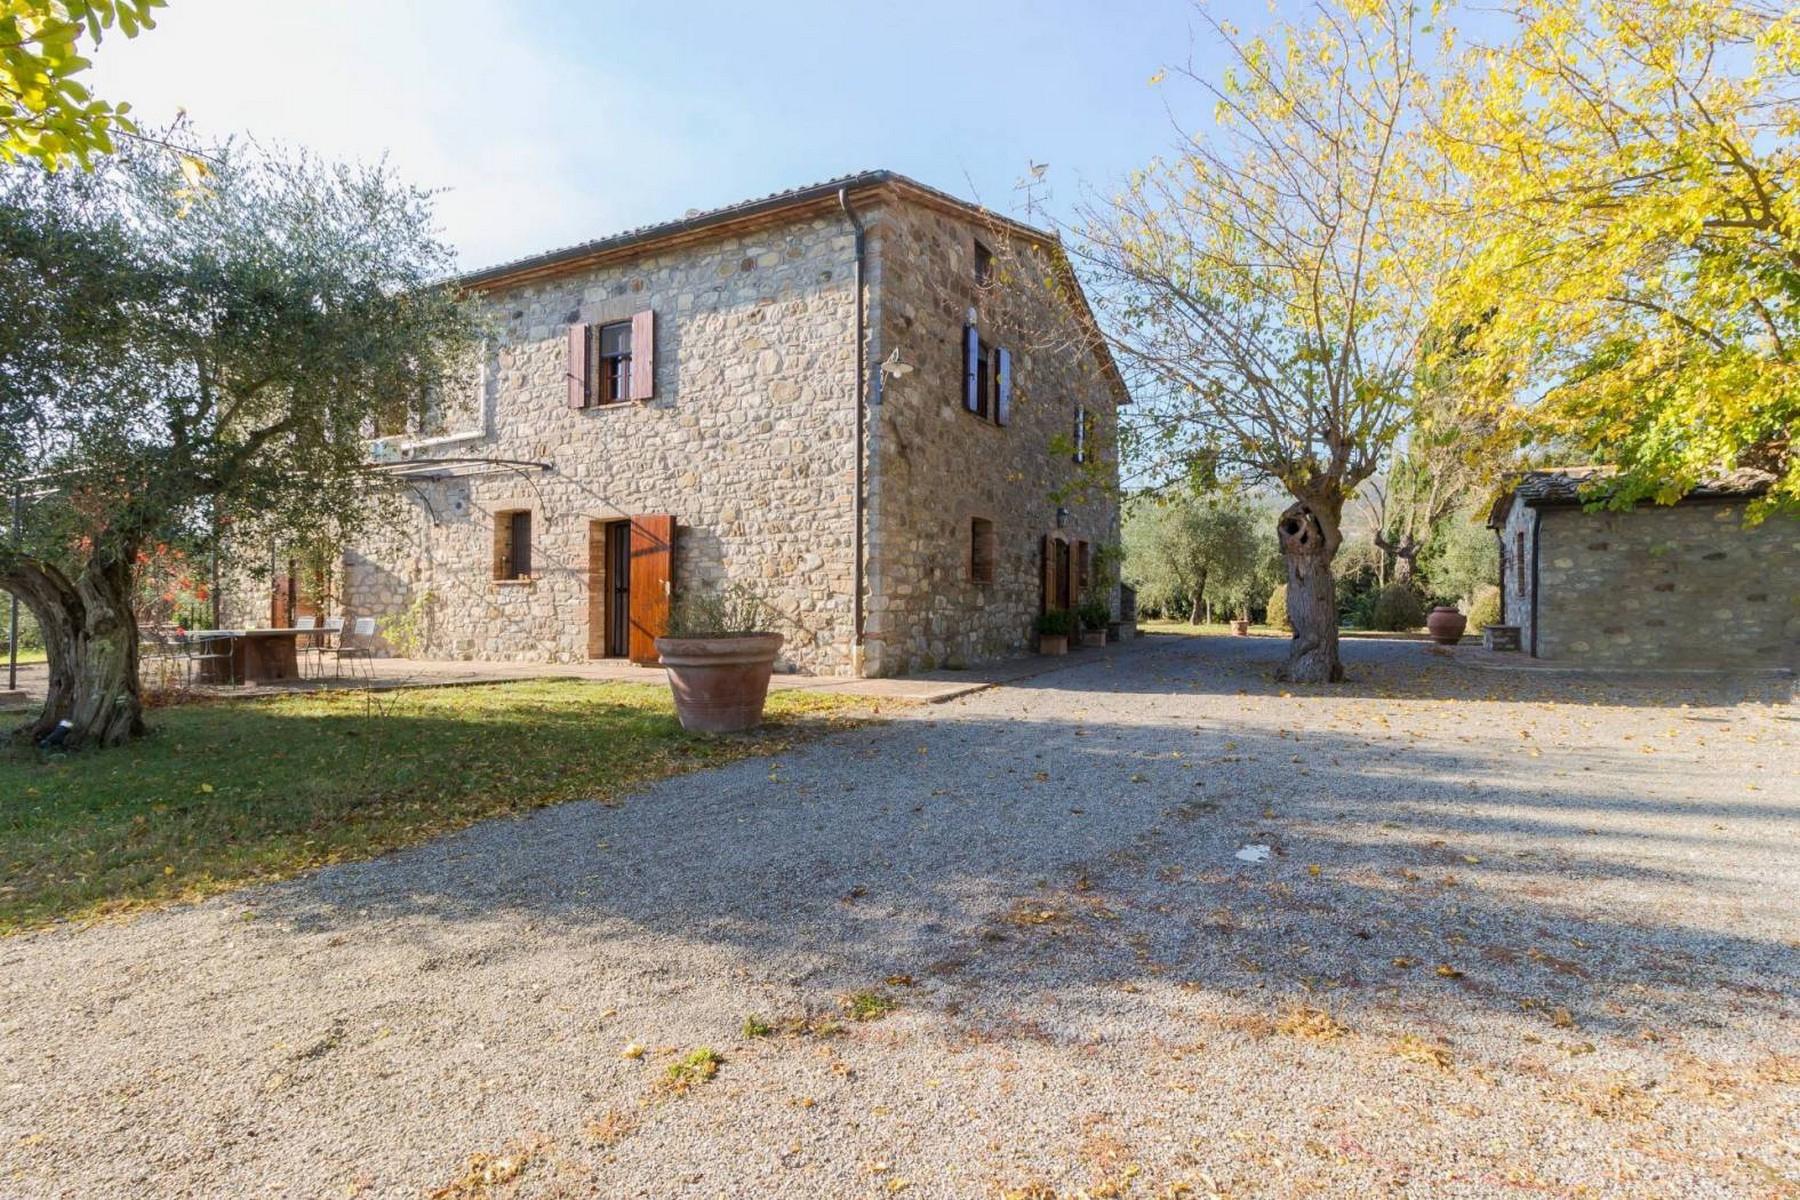 Rustico in Vendita a San Casciano Dei Bagni: 5 locali, 350 mq - Foto 3
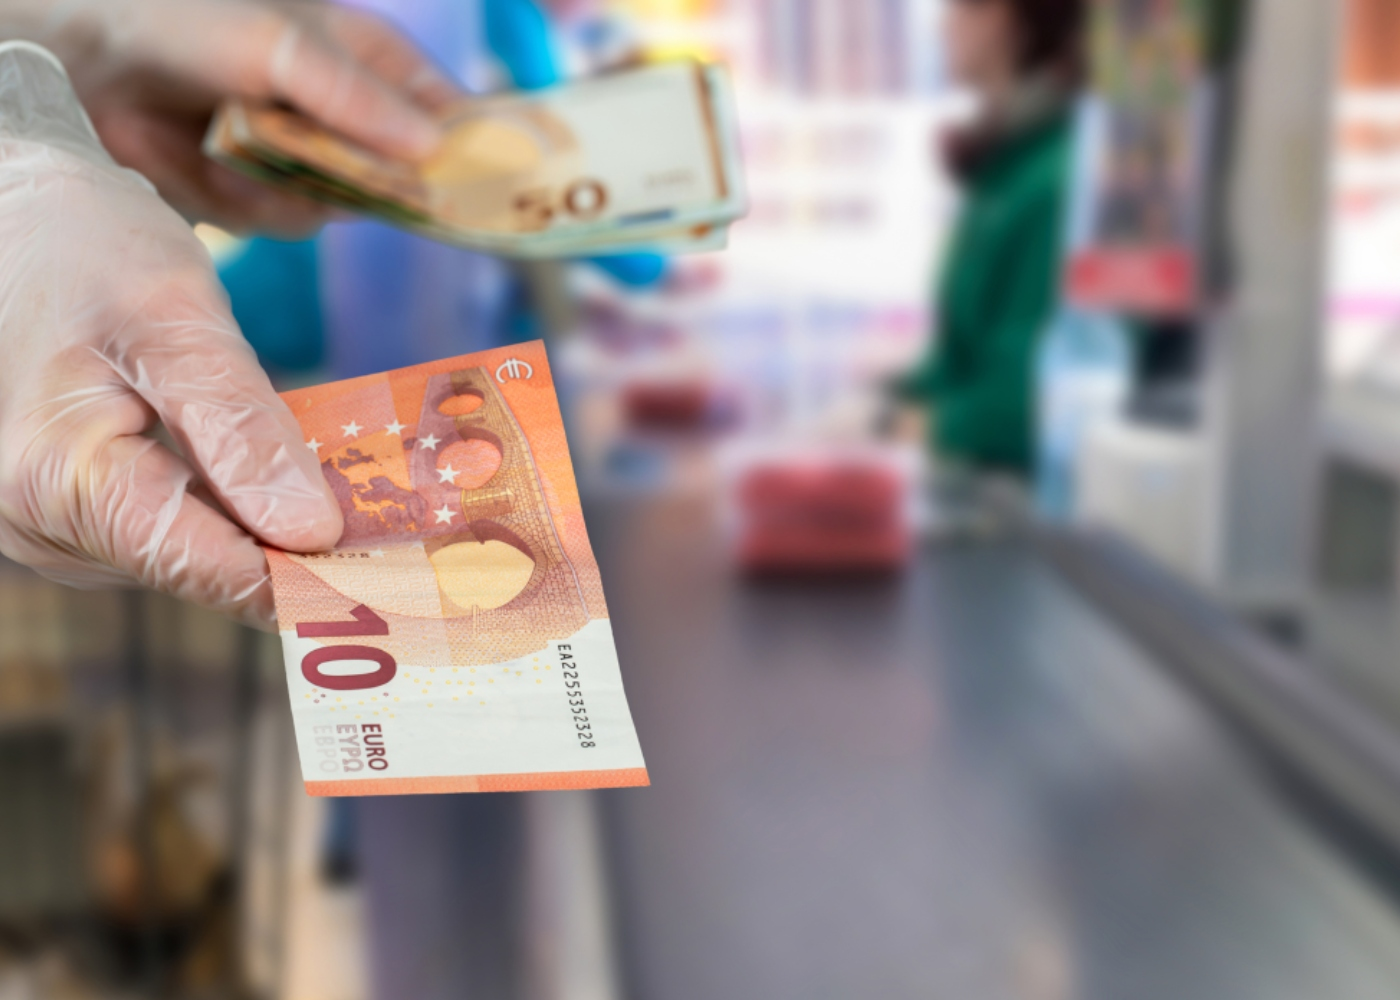 Pagar compras de supermercado com dinheiro
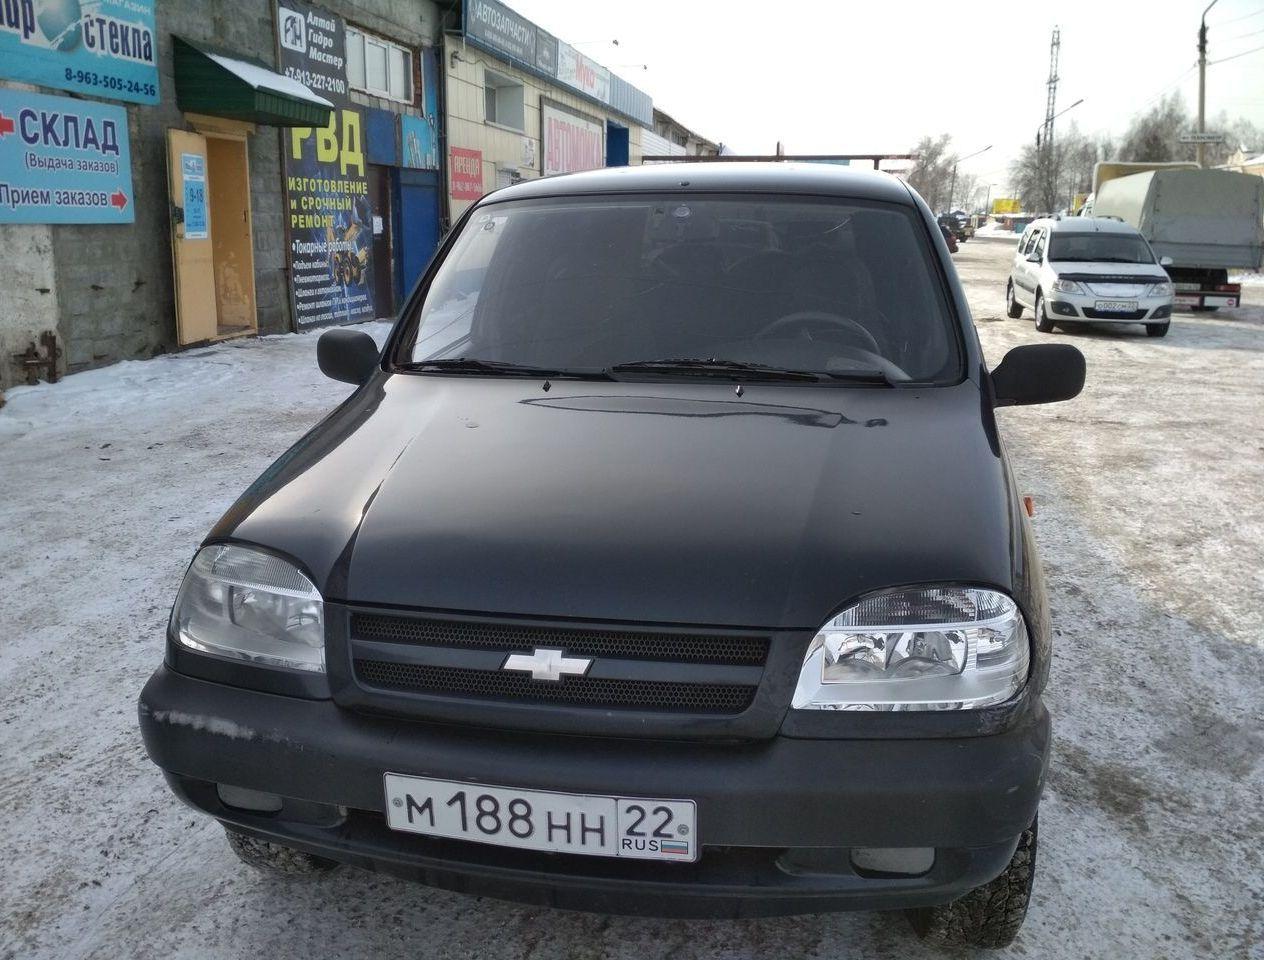 Номер М188НН22 VIN X9L21230060117815 Номер кузова 0117815, номер двигателя 0128748. ПТС 63.
# # # #
• [WHAT TO PRODUCE] Copy the full listing above exactly, apart from the pictures.

• [REPLY]
 Rustico in Vendita a San Casciano Dei Bagni: 5 locali, 350 mq - Foto 3
 Pagar compras de supermercado com dinheiro
 Номер М188НН22 VIN X9L21230060117815 Номер кузова 0117815, номер двигателя 0128748. ПТС 63.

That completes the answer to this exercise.